Required action:
Please repeat each line below exactly, with no images in the copy.

-- The data follows --

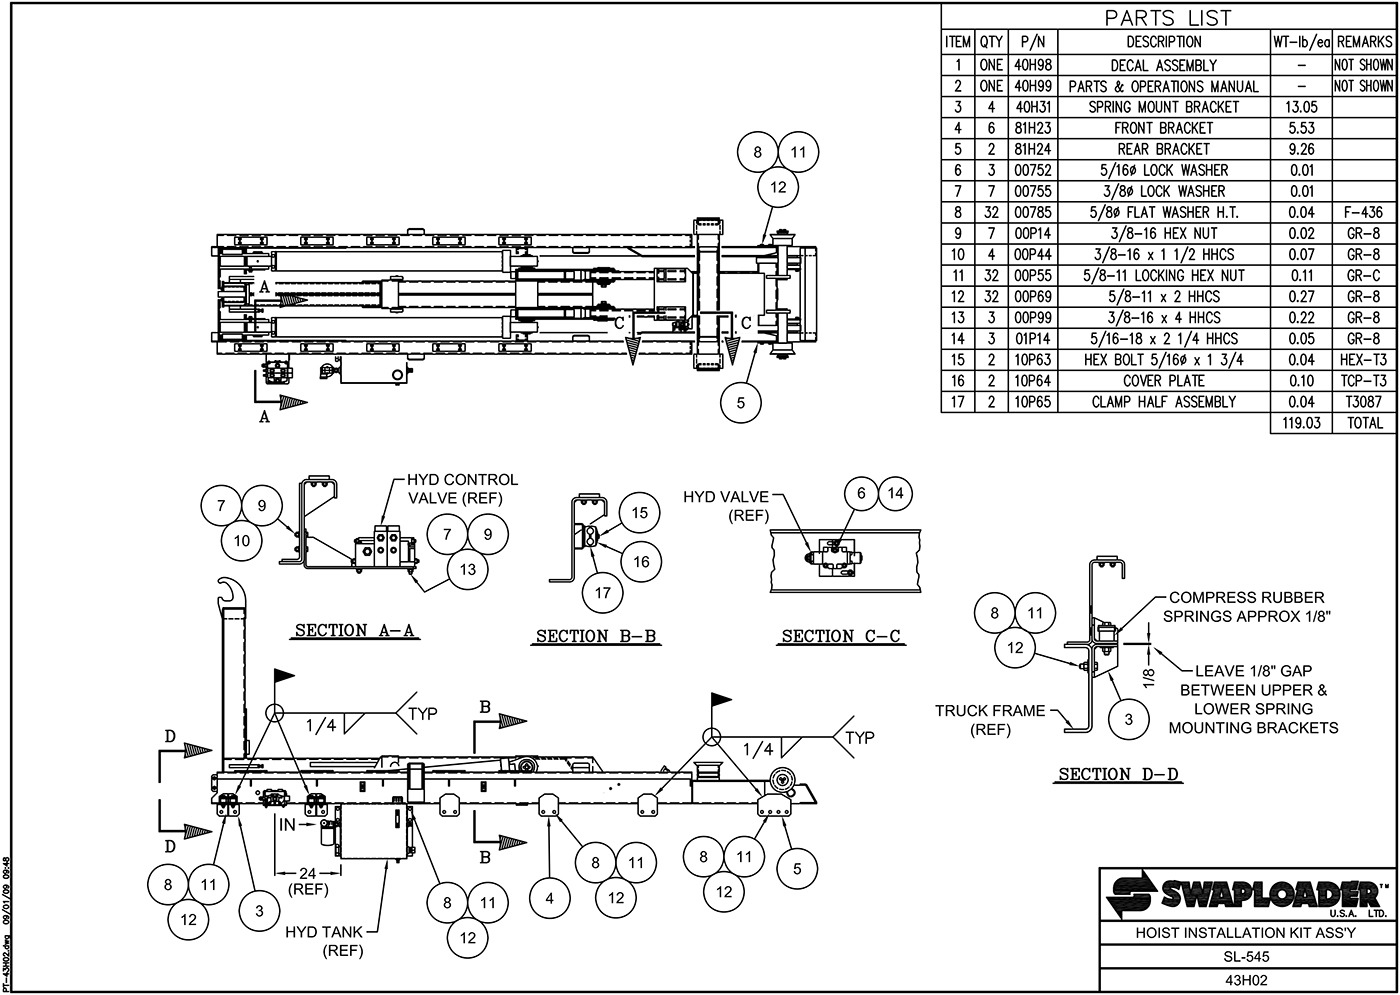 SL-545 Hoist Installation Kit Assembly
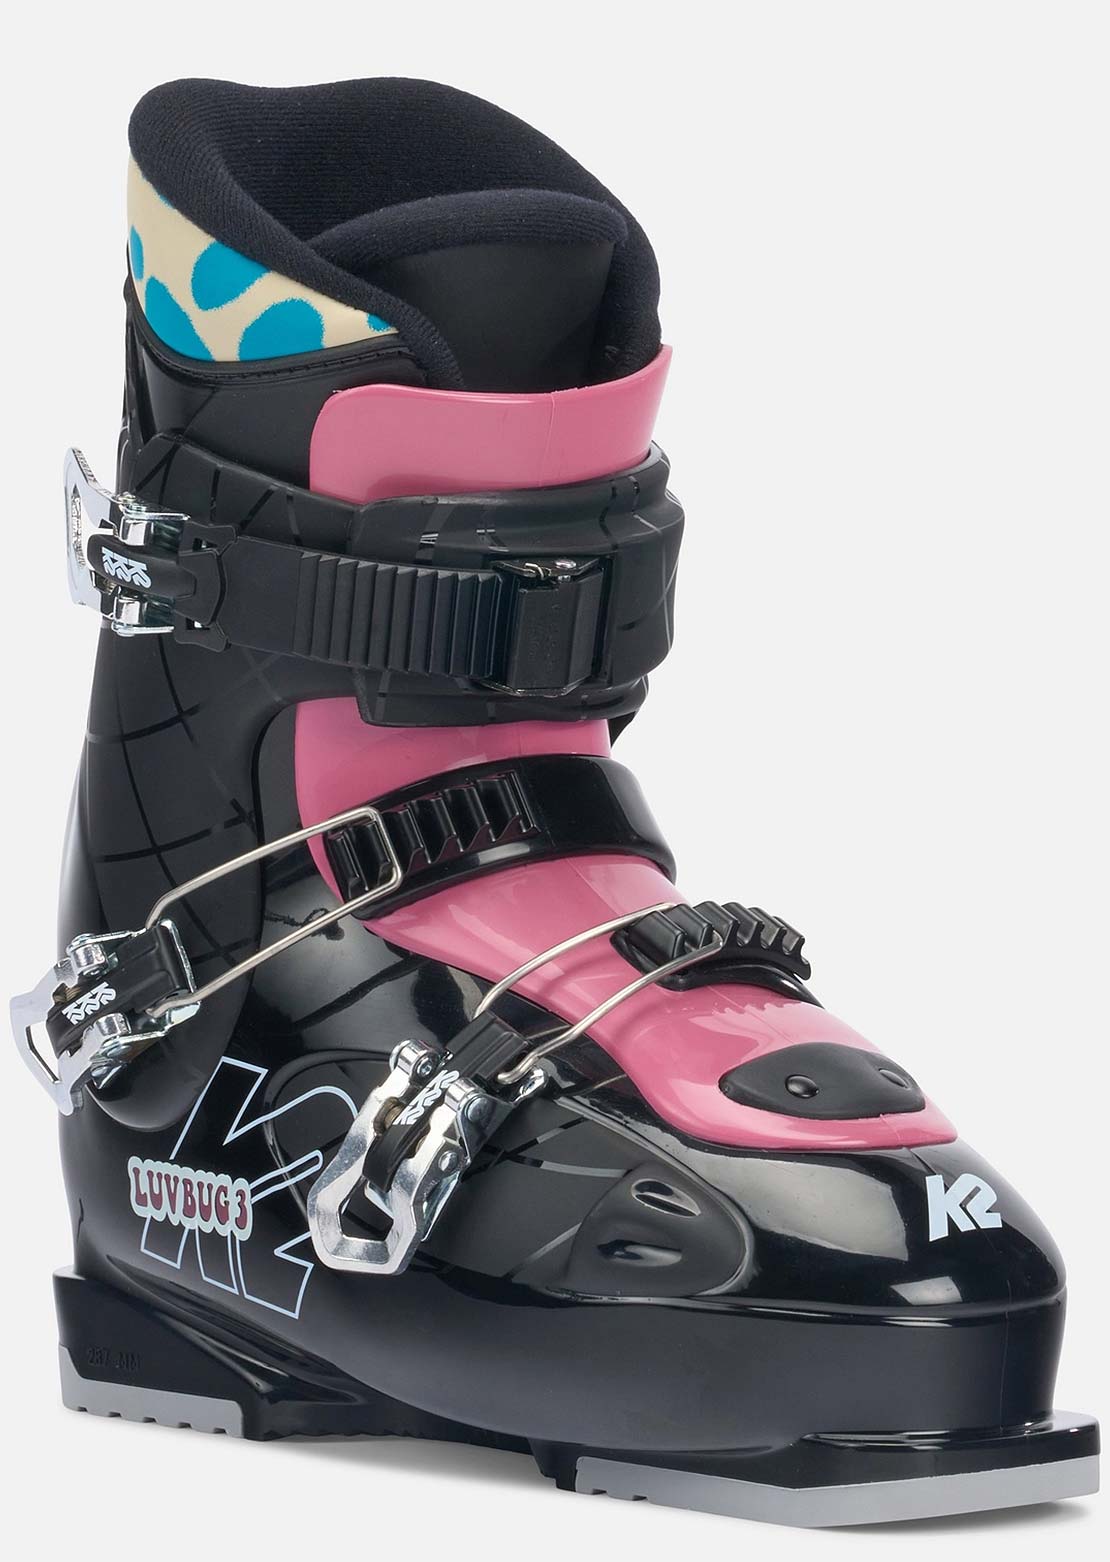 K2 Junior Luv Bug 3 Ski Boots
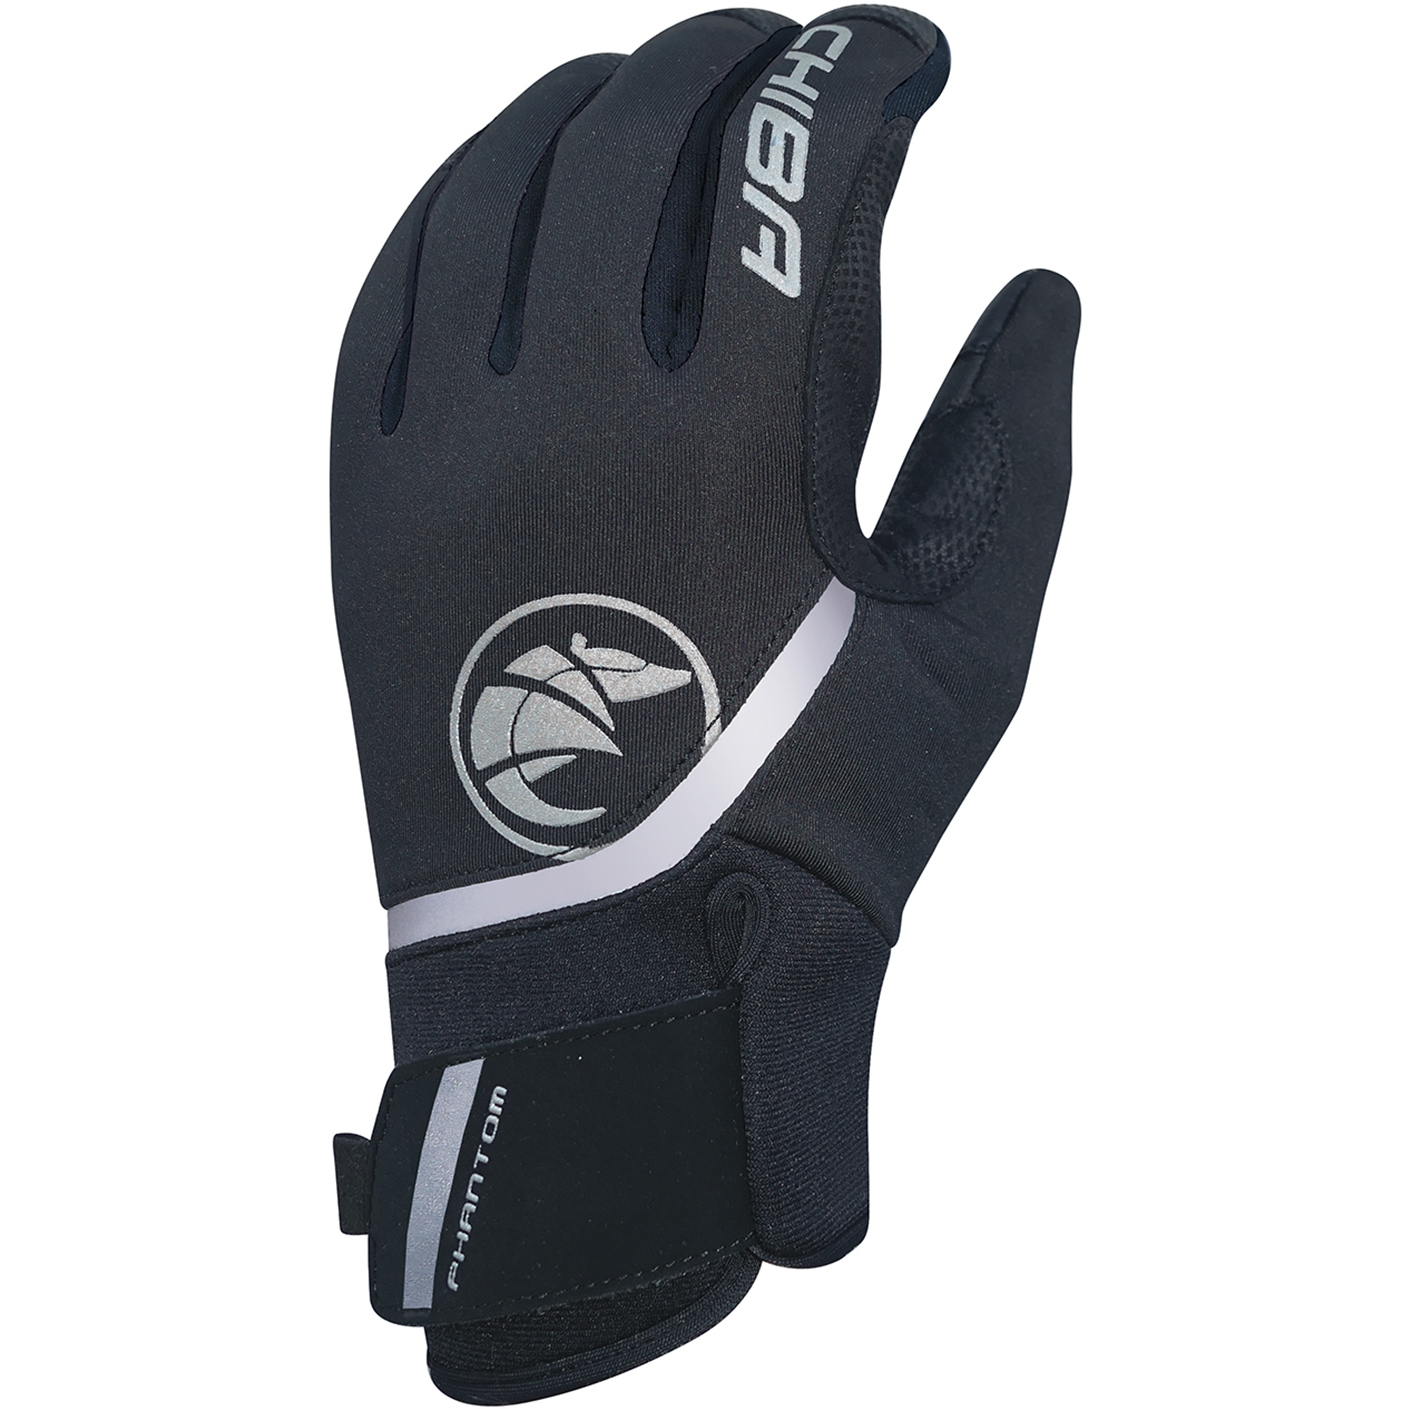 Picture of Chiba Phantom Light Cycling Gloves - black/black

-- The data concluded --

Written response:
 SL-545 Hoist Installation Kit Assembly
 K2 Junior Luv Bug 3 Ski Boots
 Picture of Chiba Phantom Light Cycling Gloves - black/black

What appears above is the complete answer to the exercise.